You may not recognise it, but it’s an old word for a familiar meal: bacon and eggs or ham and eggs. The first recorded example is so old its English needs translation:
I haue no salt Bacon, Ne no Cokeneyes, bi Crist Colopus to maken.
Piers Plowman, by William Langland, c1350. A cokeneye or cokeney is literally a cock’s egg, a dismissive term for a small or misshapen egg; in another old sense, of a pampered child, it’s the source of Cockney. In modern English, Langland’s sentence would read “I have no salt bacon or small eggs, by Christ, to make collops.”
Later, collop came to refer to the bacon by itself, without the egg; later still to mean any flat, boneless piece of meat, whether raw, fried or roasted. At one time, the Monday before Ash Wednesday was called Collop Monday, because slices of bacon were the usual dinner dish.

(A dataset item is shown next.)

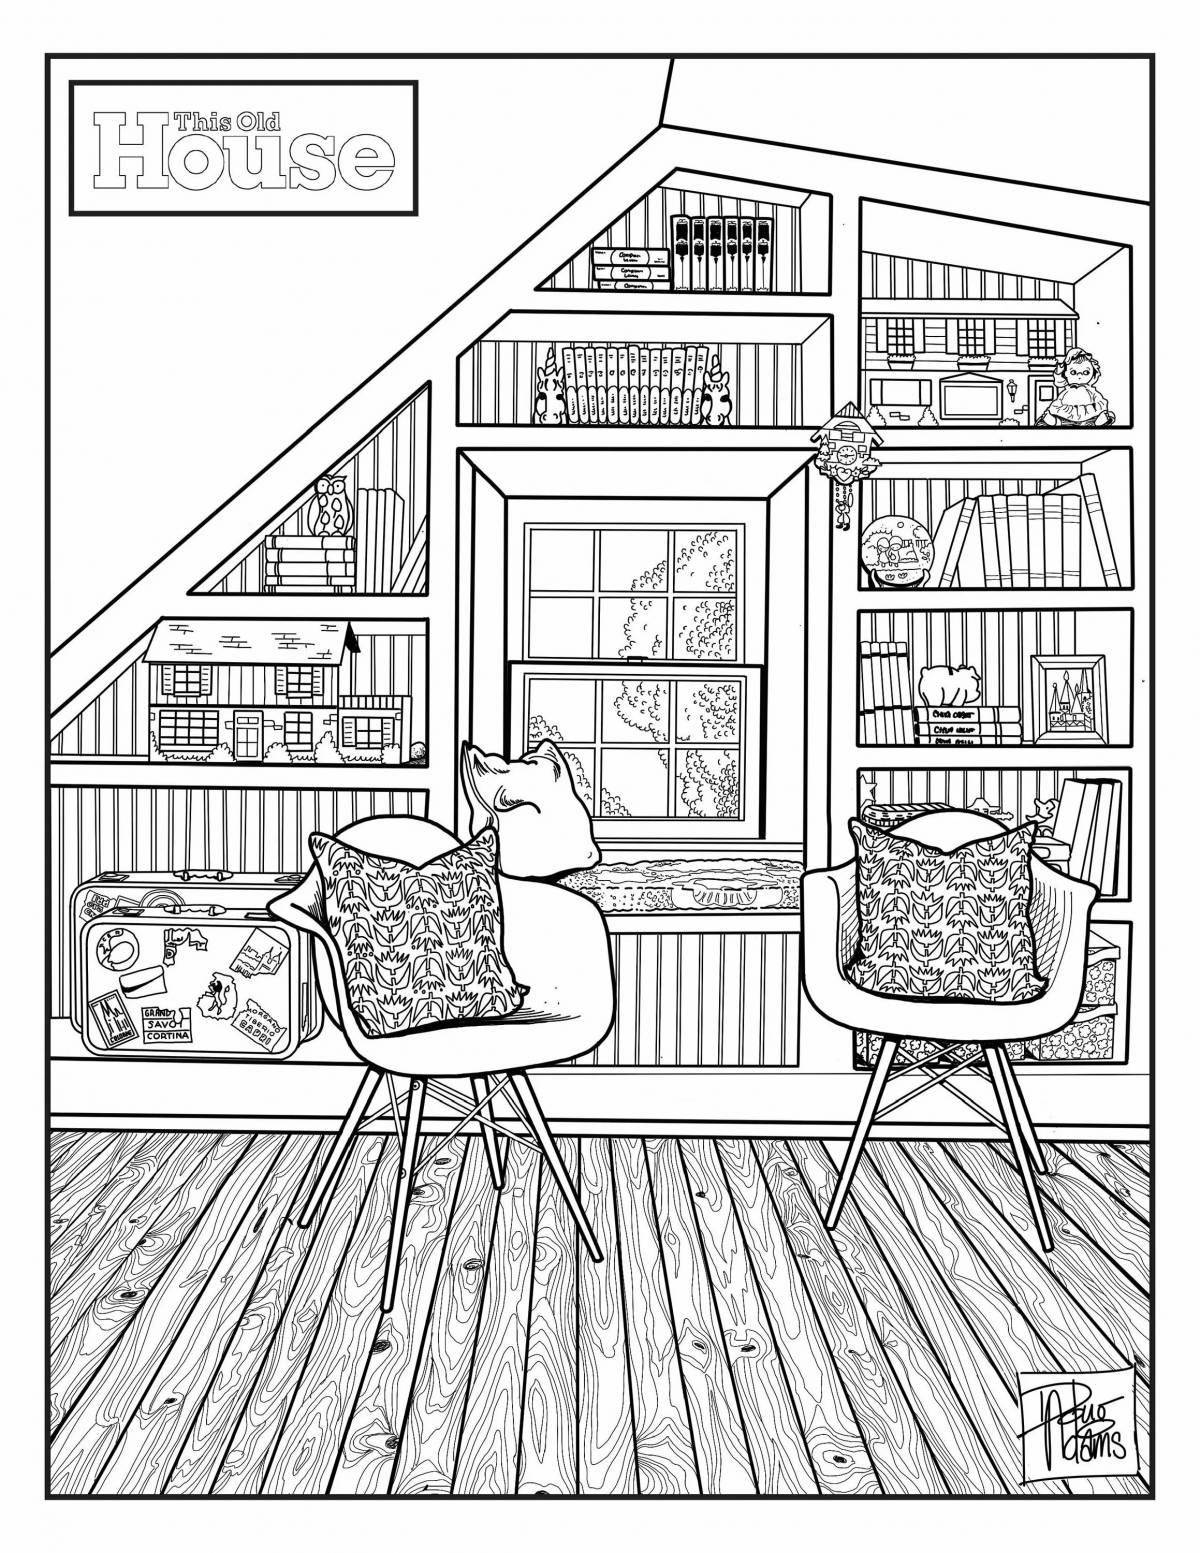 Coloring page joyful house for kids inside
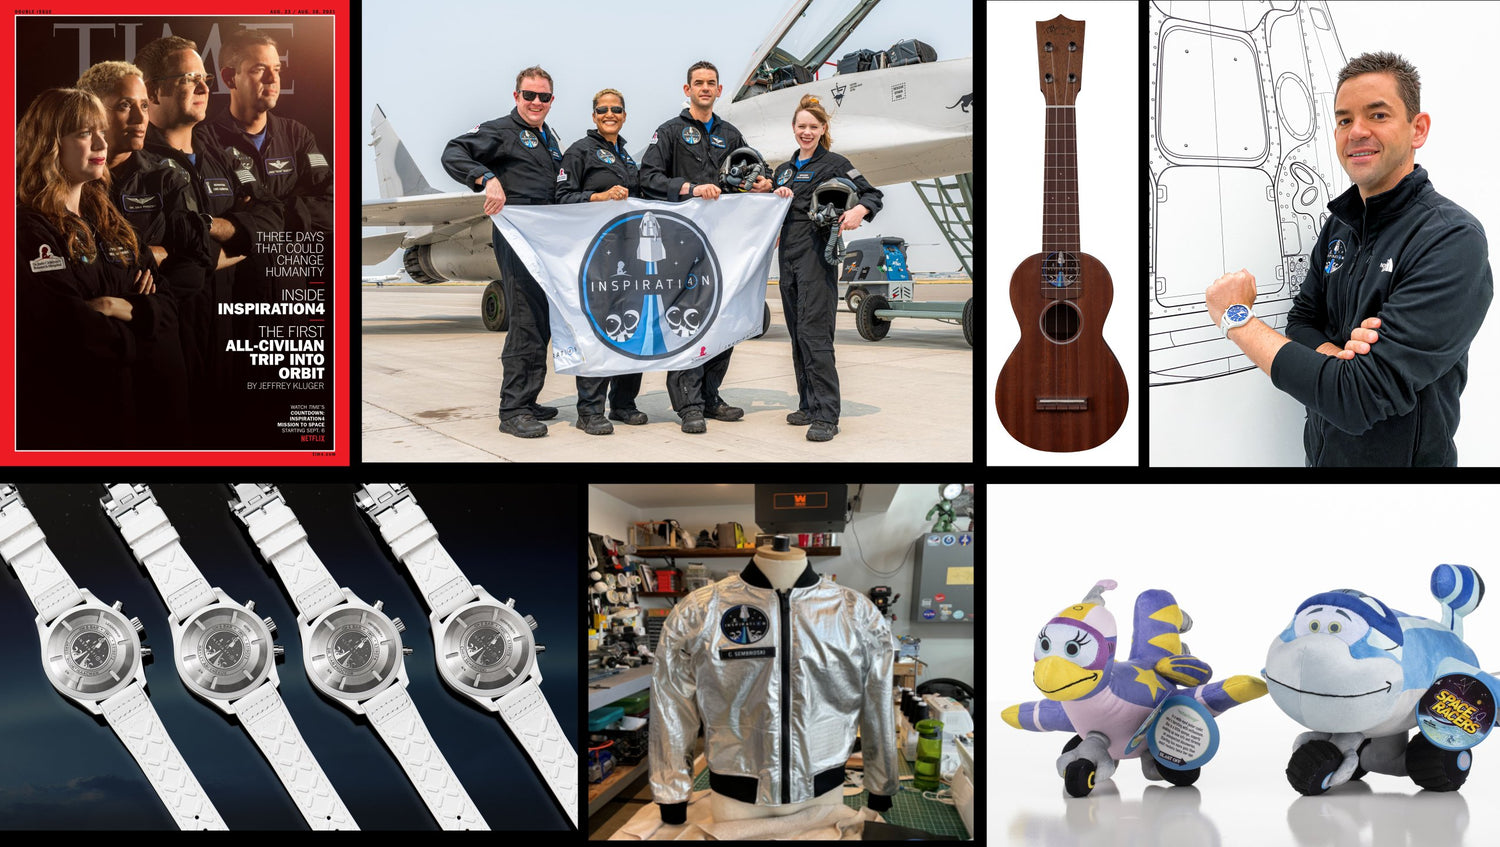 SpaceX Inspiration4 Will Auction Items Flown To Space To Fundraise For St. Jude Children’s Research Hospital, Including NFT Music & Art!

It may remind you of escalope, which has led at least a couple of cookery writers to assert that collop is in fact from that French word. Not so. Collop is an old Norse word of which a close modern relative is the Swedish kalops, a meat stew. It may be that the first part of the word is from coal; that origin is supported by this example of its use:
The Scottish Celt is more shifty. In the old days when he had flesh and little else to eat, he could broil it on the coals; and a Scotch collop is perhaps equal to a Turkish kebob. We wonder if in Australia the long-forgotten Scotch collop has been revived? It requires no cooking-vessels. It may be held to the fire on a twig, or laid on the coals and turned by a similar twig — bent into a collop-tongs — or even by the fingers.
Chambers Edinburgh Journal, 14 Feb. 1852. Shifty here doesn’t mean that the Scottish Celt is deceitful or evasive but that he’s able to shift for himself, manage without help, from shift in the sense of an expedient.